Features

Police cited in Shs30b land conflict at Kajjansi

By Correspondent 

Police have been sucked into a Shs30b land dispute after residents of Kajjansi-Lweza claimed that a Kampala businessman,  Jamada Musisi, is illegally using contacts in the Force to evict them from their land.

In a February 12 letter to President Museveni, residents accuse police of aiding  Musisi to forcefully takeover 154 acres of their land worth Shs30.8b.

However, the Commandant of Police Protection Unit,  Charles Mutungi, told Daily Monitor that the police deployed to stop violence that was brewing up.

“We deployed to prevent violence because we can’t sit and wait for people to kill each other and we go there to pick the bodies,” he said.

The residents accuse  Musisi and his company, Kikonyogo Investments, of using police and soldiers to grab their land adjacent to the Kajjansi airfield.

They say on July 19, 2020, three trucks with police officers raided Kitiko-Birongo at 6am, beat up people, and demolished their houses and plantations.

“We are greatly saddened by this blatant abuse of police and courts, and request your urgent help,” reads part of the letter signed by Mr Mohammad Ssewaya, who claims most of this land was owned by his grandfather in 1944.
Ssewaya said he has been arrested 29 times ever since the wrangle started about nine years ago.

The State Minister for Lands,  Persis Namuganza, said she has been following the wrangle after the President directed her to intervene.

She said the Ministry of Lands did a survey and found out that land Musisi claims is Block 537 in Busiro yet the disputed land is on Block 270 in Kyadondo.

“I have been following that wrangle and we even sent a government surveyor who indeed surveyed and showed that the land claimed by  Musisi is different from that where the residents were settled,”   Namuganza said.
She said government is in the process of cancelling  Musisi’s title.

“The land which Musisi said he bought from Domanico is a different block from where these tenants were,”  Namuganza said.

Domanico is an Indian family which left Uganda and went into exile in London after former president Idi Amin expelled Asians in 1971.

The minister also accuses Uganda National Roads Authority (Unra) of compensating Mr Kikonyogo part of Shs11b for part of the land where the Kajjansi-Munyonyo Expressway passes even after her ministry raised a red flag.

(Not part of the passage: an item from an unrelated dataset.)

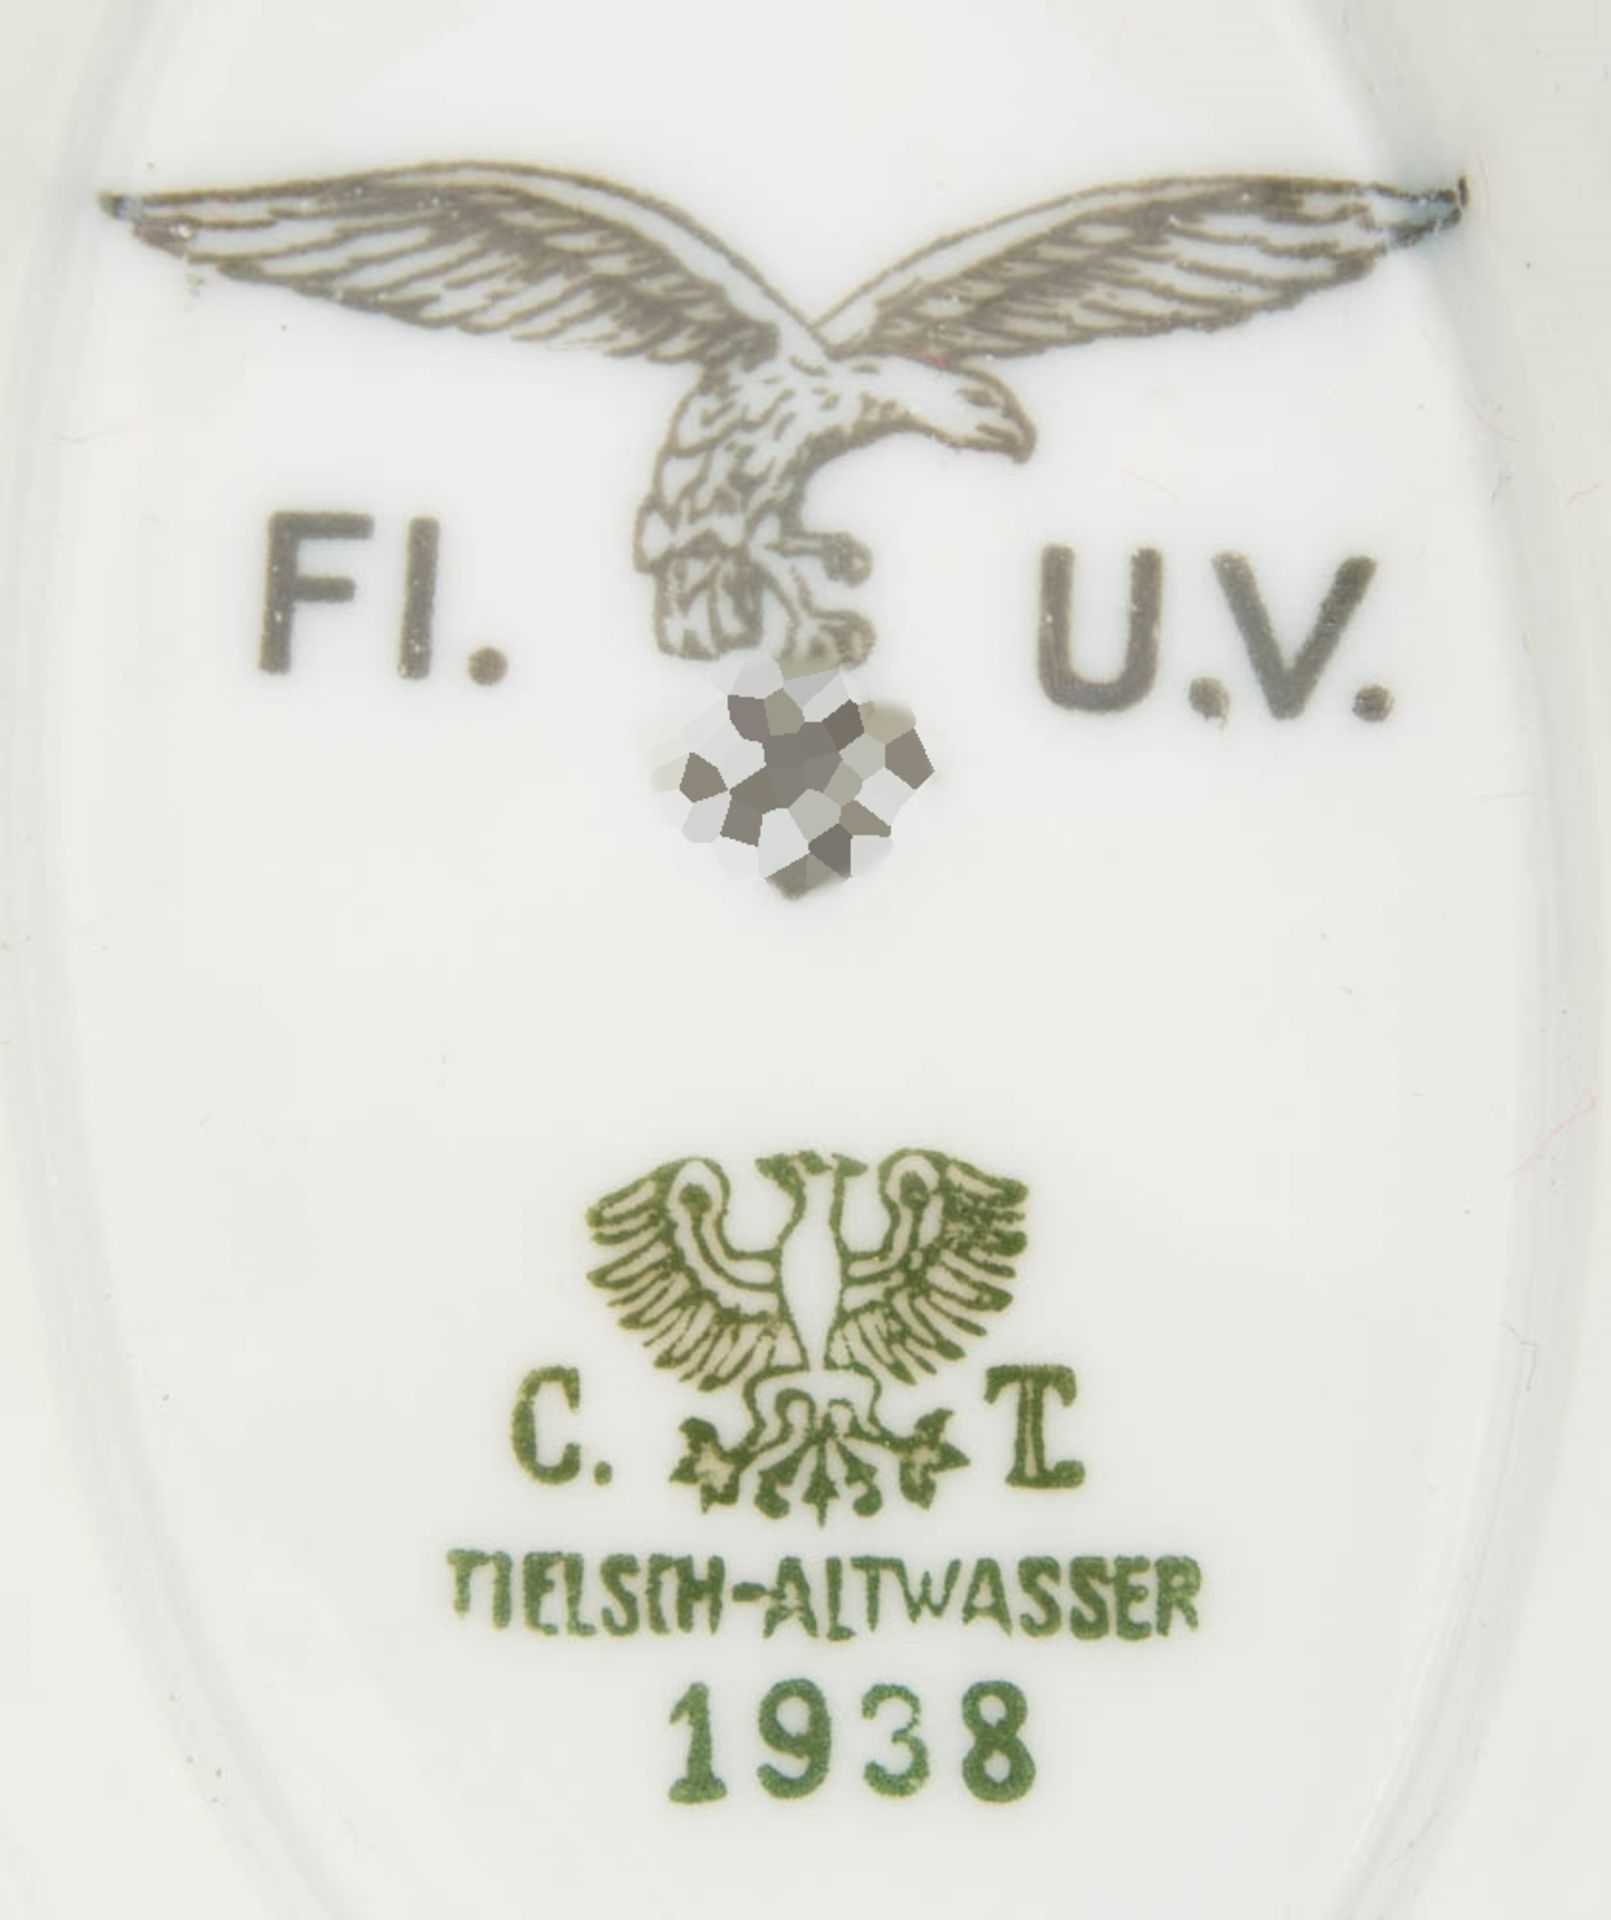 Kantinengeschirr, Sauciere der Luftwaffe, FI.U.V., Tielsch- Altwasser 1938. - Bild 2 aus 3

Persis NamuganzaThe State Minister for Lands, Ms Persis Namuganza, said she has been following the wrangle after the President directed her to intervene.

“I told Unra to directly compensate the tenants because that is our policy but I don’t know what happened after because I was told that Mr Kikonyogo was paid and the tenants never got any compensation,” she said.
The Unra spokesperson,  Allan Ssempebwa, said part of the payment was made after the tenants and  Musisi agreed.
“The parties had reached an agreement. But there is part of the land where they still have dispute, and we are waiting for them to resolve their dispute and we will be ready to pay,” he said.

In response,  Musisi dismissed the claims by the tenants. “That’s my land. I own it. That’s all I can say. If it wasn’t mine, why didn’t Unra compensate them?” he said.

Grace Namirimu, one of the affected residents, said Mr Musisi first appeared in Kitiko- Birongo and chased the residents off the land where Kajjansi- Munyonyo Expressway passes.  Namirimu claimed that Musisi had bought it for $10m (Shs36) from Damanico Properties Limited.

“Our pleas to police that the Indian owned land is near ours fell on deaf ears. They chased us and other bibanja holders, cut off and graded our plantations, some houses including the old house and burial grounds of our grandparents,”  she said.

Namirimu also said Musisi has the title for Block 537 in Busiro, yet their land is on Block 270 Kyadondo.
But Mutungi, who heads the police land unit, said there was a High Court ruling in favour of  Kikonyogo and that the businessman has the land title.